Faucet into the Steampipe Plugin Ecosystem
Steampipe plug-ins aren’t simply uncooked interfaces to underlying APIs. They use tables to mannequin these APIs in helpful methods. For instance, the github_my_repository
desk exemplifies a design sample that applies persistently throughout the suite of plug-ins. From the GitHub plugin’s documentation:
You’ll be able to personal repositories individually, or you may share possession of repositories with different individuals in a corporation. The
github_my_repository
desk will checklist repos that you simply personal, that you simply collaborate on, or that belong to your organizations. To question ANY repository, together with public repos, use thegithub_repository
desk.
Different plug-ins observe the identical sample. For instance, the Microsoft 365 plugin gives each microsoft_my_mail_message
and microsoft_mail_message
, and the plugin gives googleworkspace_my_gmail_message
and googleworkspace_gmail
. The place doable, plug-ins consolidate views of sources from the attitude of an authenticated person.
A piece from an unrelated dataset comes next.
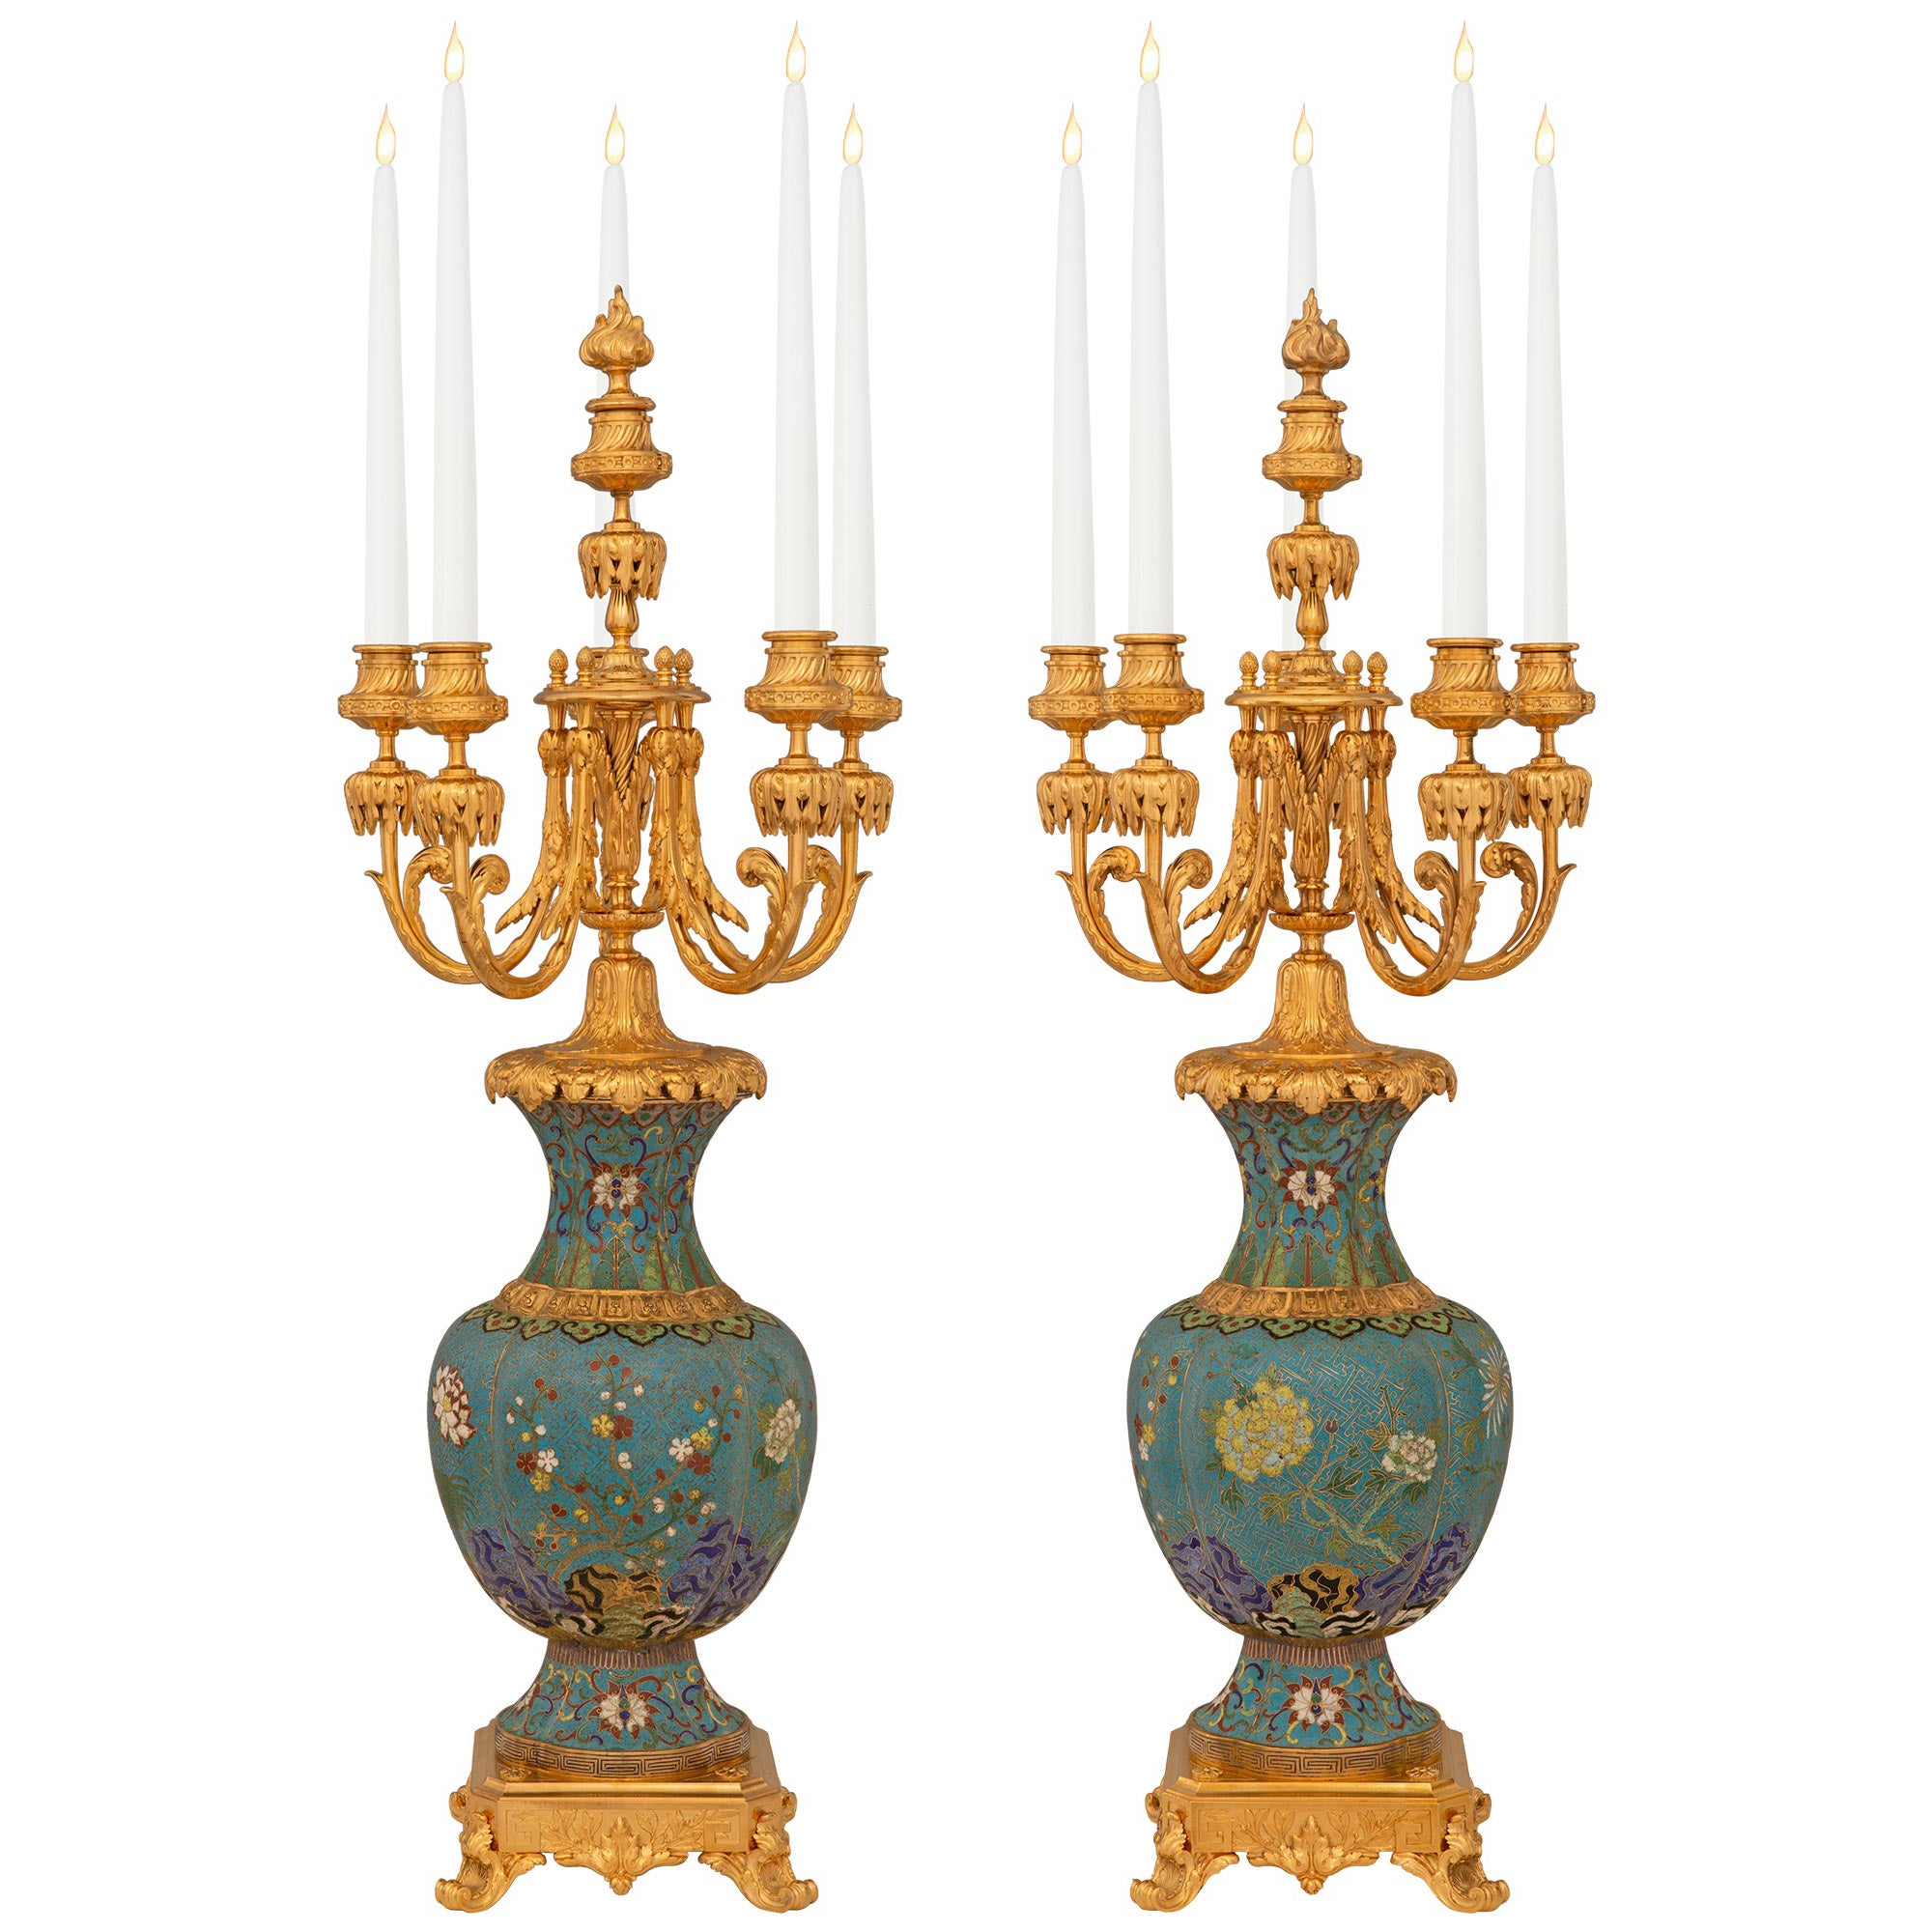 Pair Of French 19th Century Louis XV St. Cloisonné And Ormolu Candelabras For Sale

Whereas plug-ins sometimes present tables with fastened schemas, that’s not at all times the case. Dynamic schemas, carried out by the Airtable, CSV, Kubernetes, and Salesforce plug-ins (amongst others) are one other key sample. Right here’s a CSV instance utilizing a standalone Postgres FDW.
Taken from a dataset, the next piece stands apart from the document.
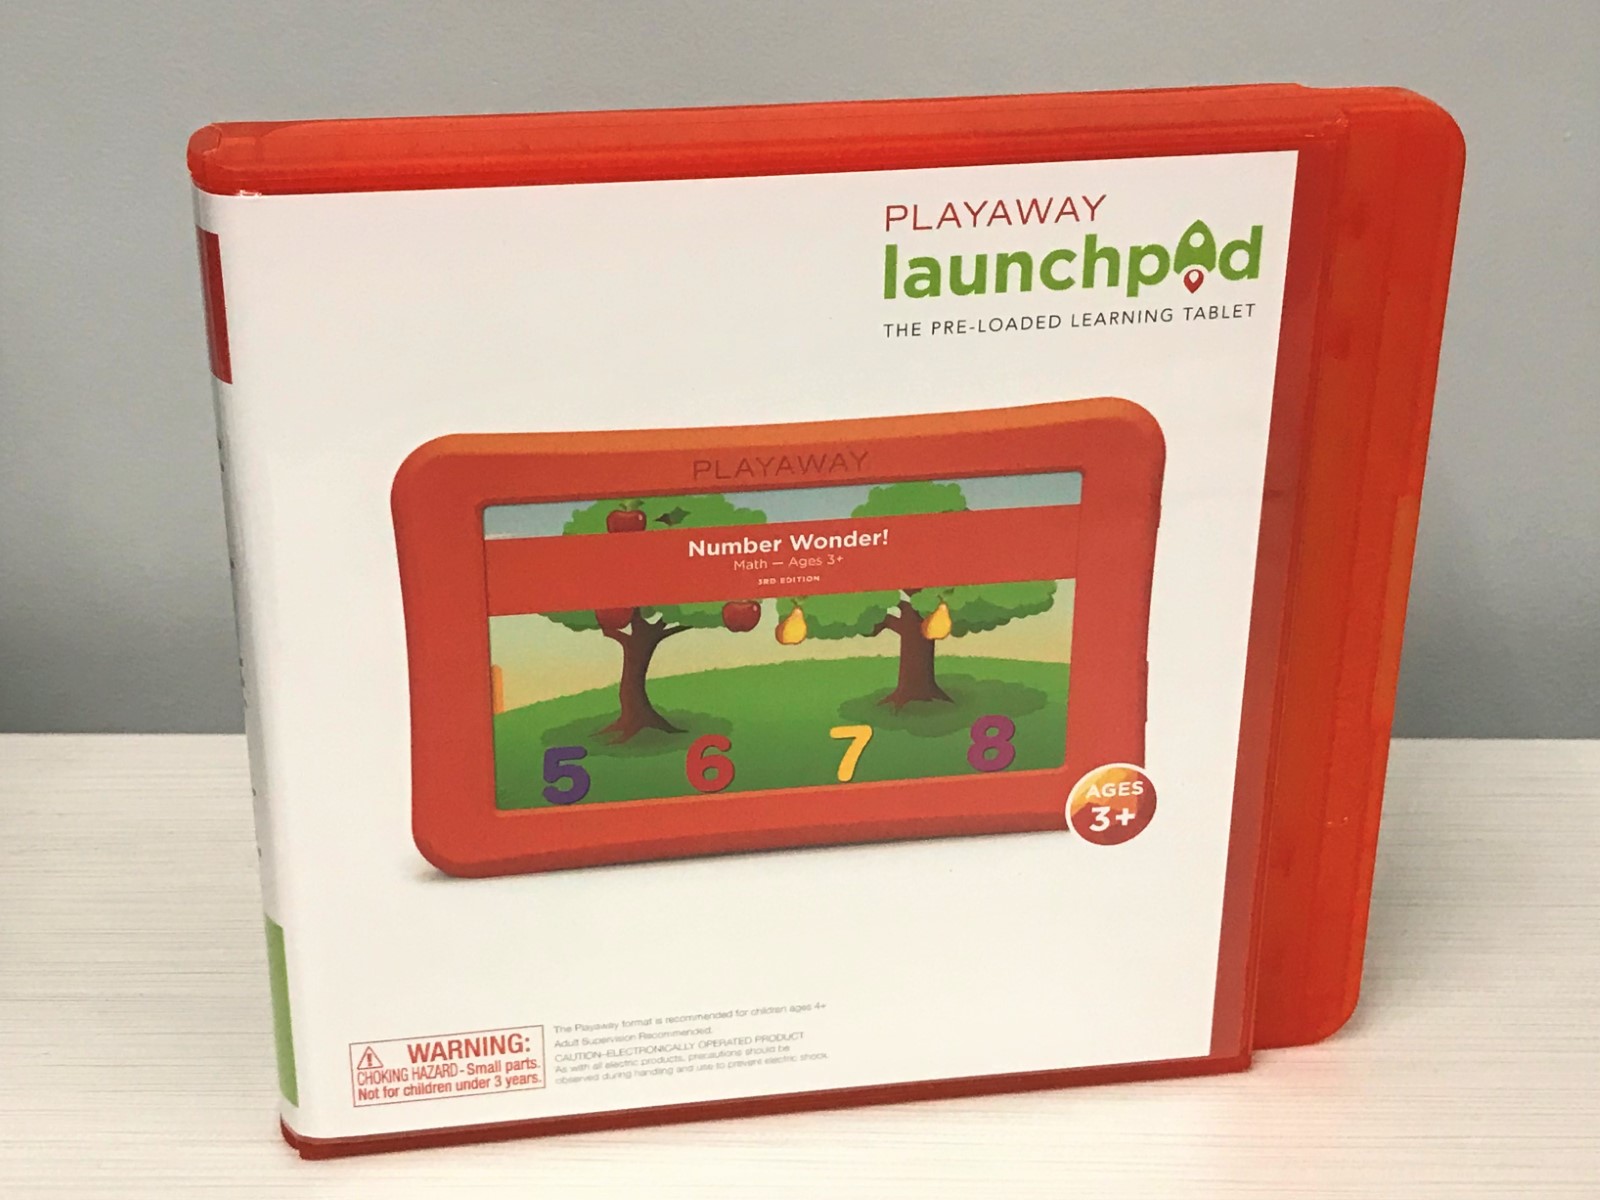 Case for Launchpad: Number Wonder!

IMPORT FOREIGN SCHEMA csv FROM SERVER steampipe_csv INTO csv
OPTIONS(config 'paths=["/home/jon/csv"]');
Now all of the .csv
recordsdata in /dwelling/jon/csv
will automagically be Postgres international tables. Suppose you retain monitor of legitimate homeowners of EC2 situations in a file known as ec2_owner_tags
. Right here’s a question in opposition to the corresponding desk.
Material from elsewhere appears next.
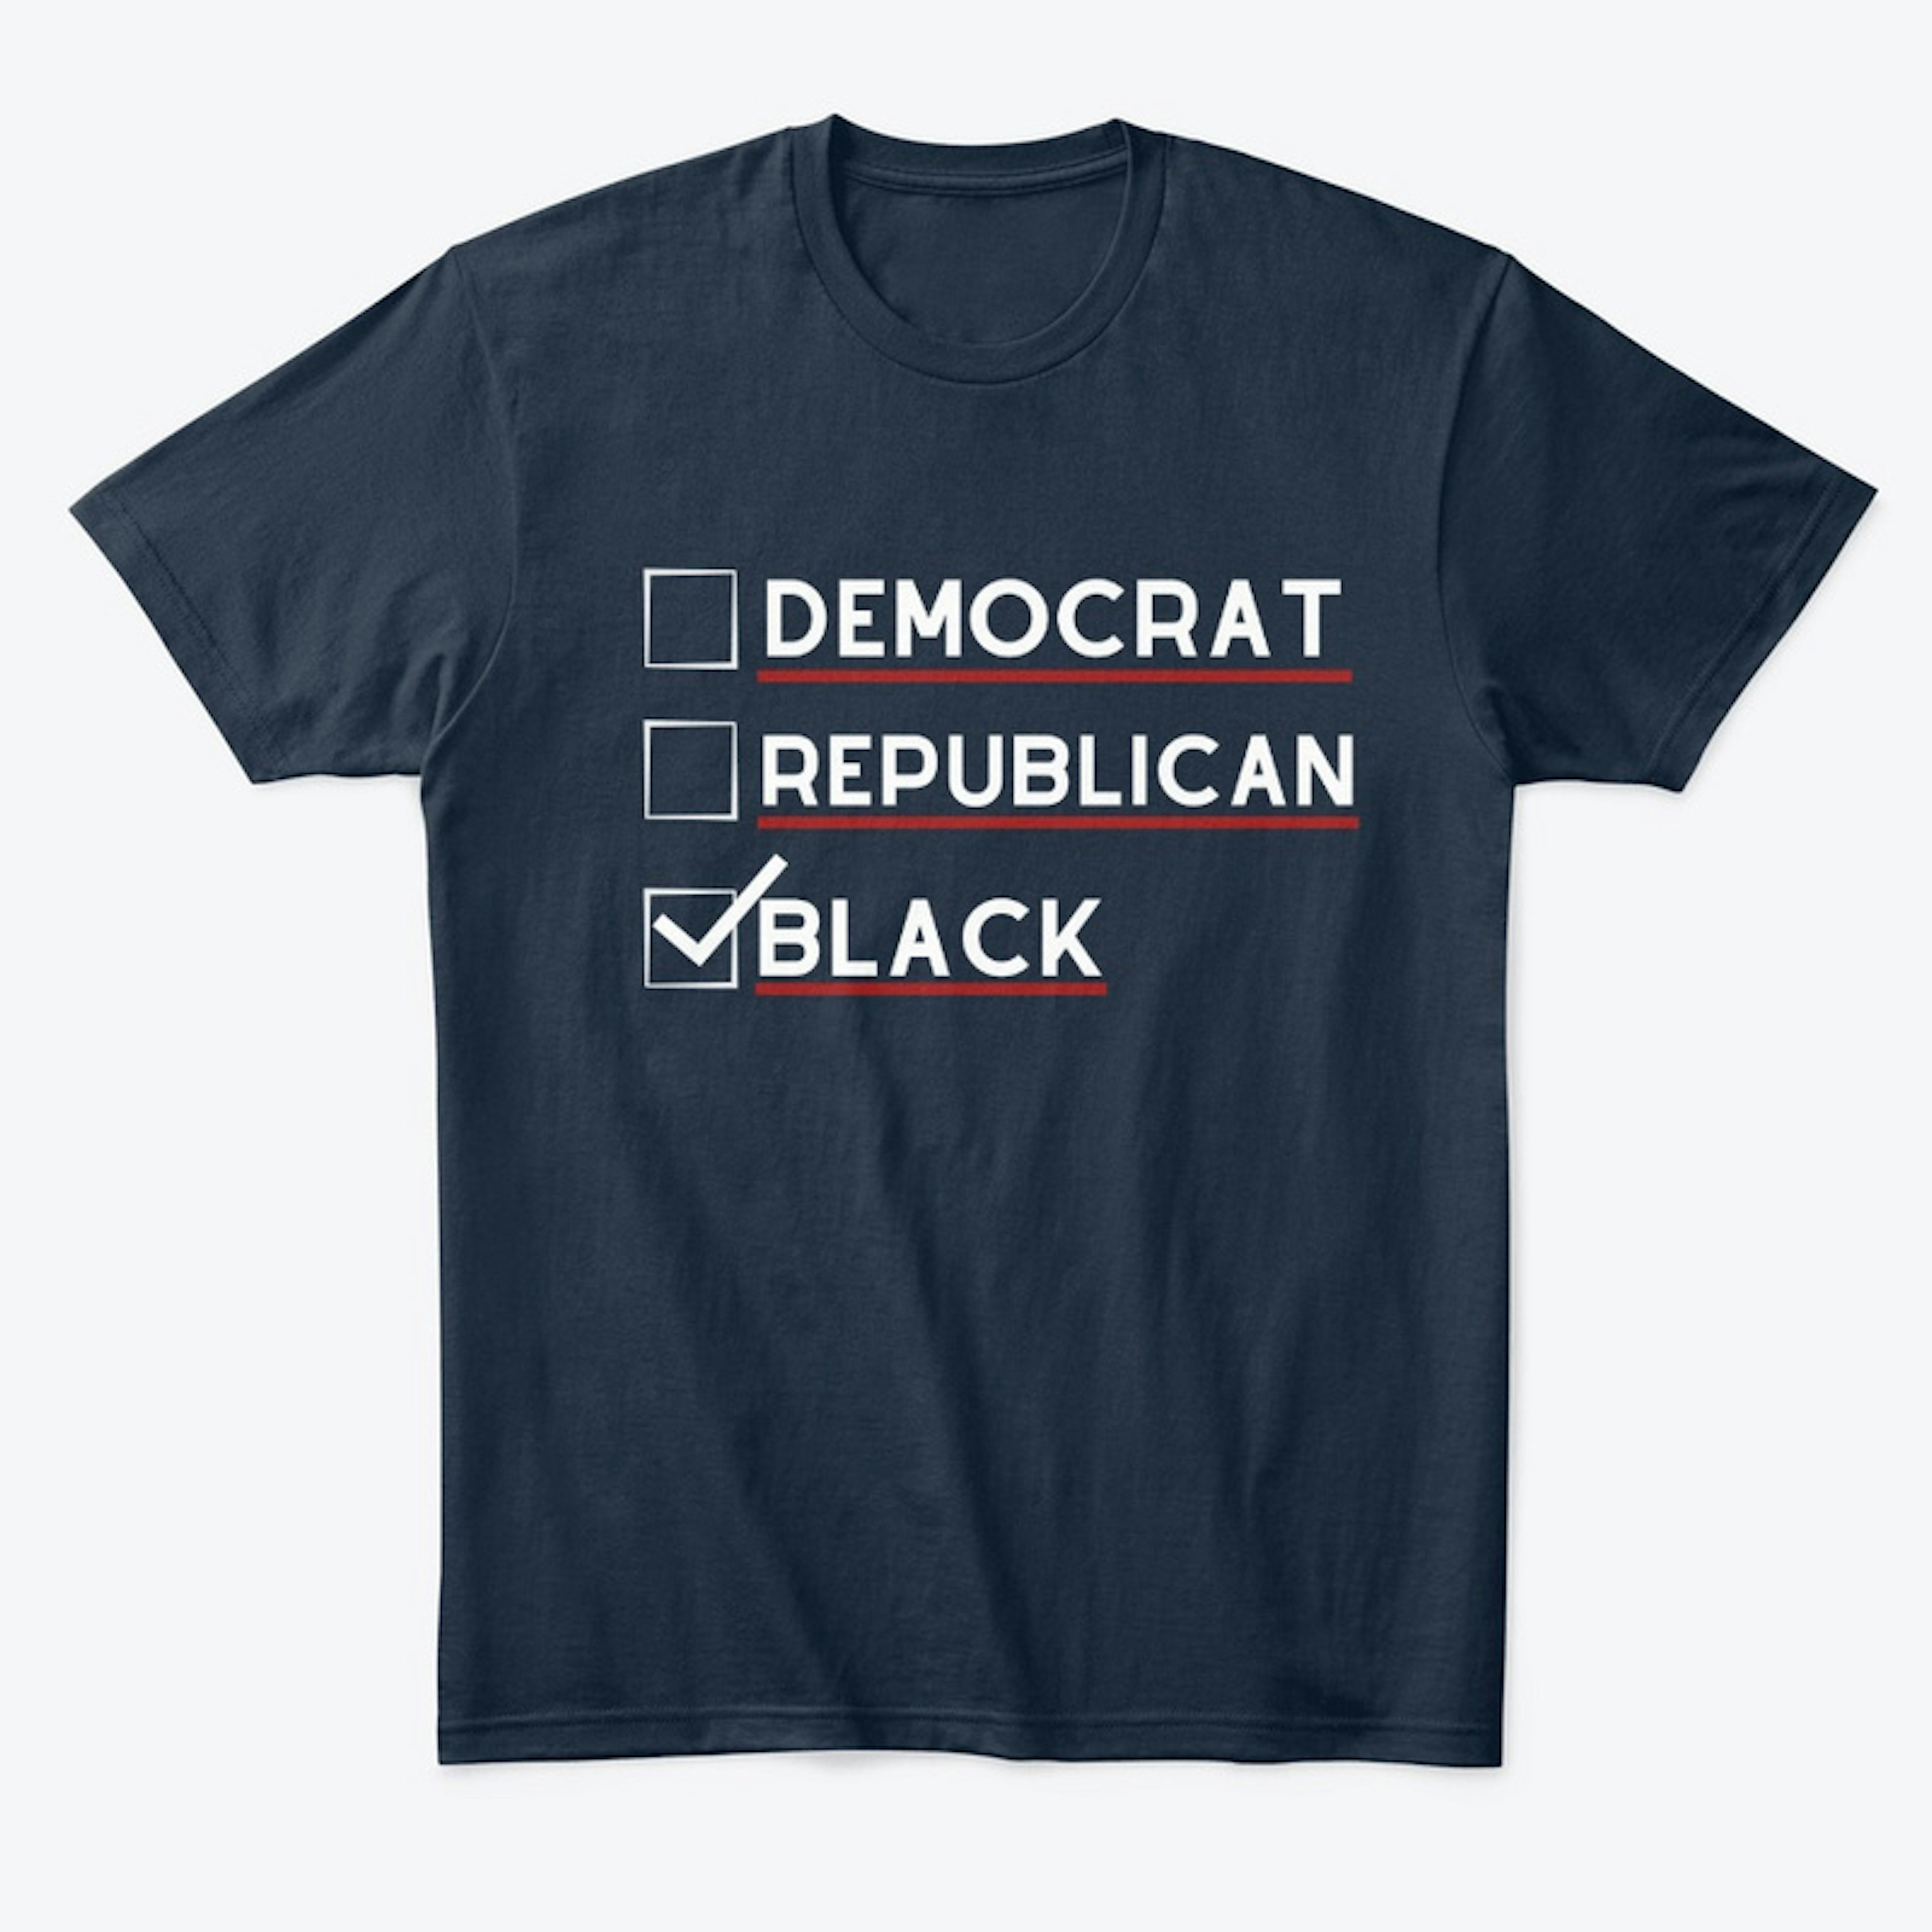 My Political Party Tees

choose * from csv.ec2_owner_tags;
proprietor | _ctx
----------------+----------------------------
Pam Beesly | {"connection_name": "csv"}
Dwight Schrute | {"connection_name": "csv"}
You possibly can be part of that desk with the AWS plugin’s aws_ec2_instance
desk to report proprietor tags on EC2 situations which are (or are usually not) listed within the CSV file.
choose
ec2.proprietor,
case
when csv.proprietor is null then 'false'
else 'true'
finish as is_listed
from
(choose distinct tags ->> 'proprietor' as proprietor
from aws.aws_ec2_instance) ec2
left be part of
csv.ec2_owner_tags csv on ec2.proprietor = csv.proprietor;
proprietor | is_listed
----------------+-----------
Dwight Schrute | true
Michael Scott | false
Throughout the suite of plug-ins there are greater than 2,300 predefined fixed-schema tables that you should use in these methods, plus an infinite variety of dynamic tables. And new plug-ins are consistently being added by Turbot and by Steampipe’s open supply neighborhood. You’ll be able to faucet into this ecosystem utilizing Steampipe or Turbot Pipes, from your individual Postgres or SQLite database, or immediately from the command line.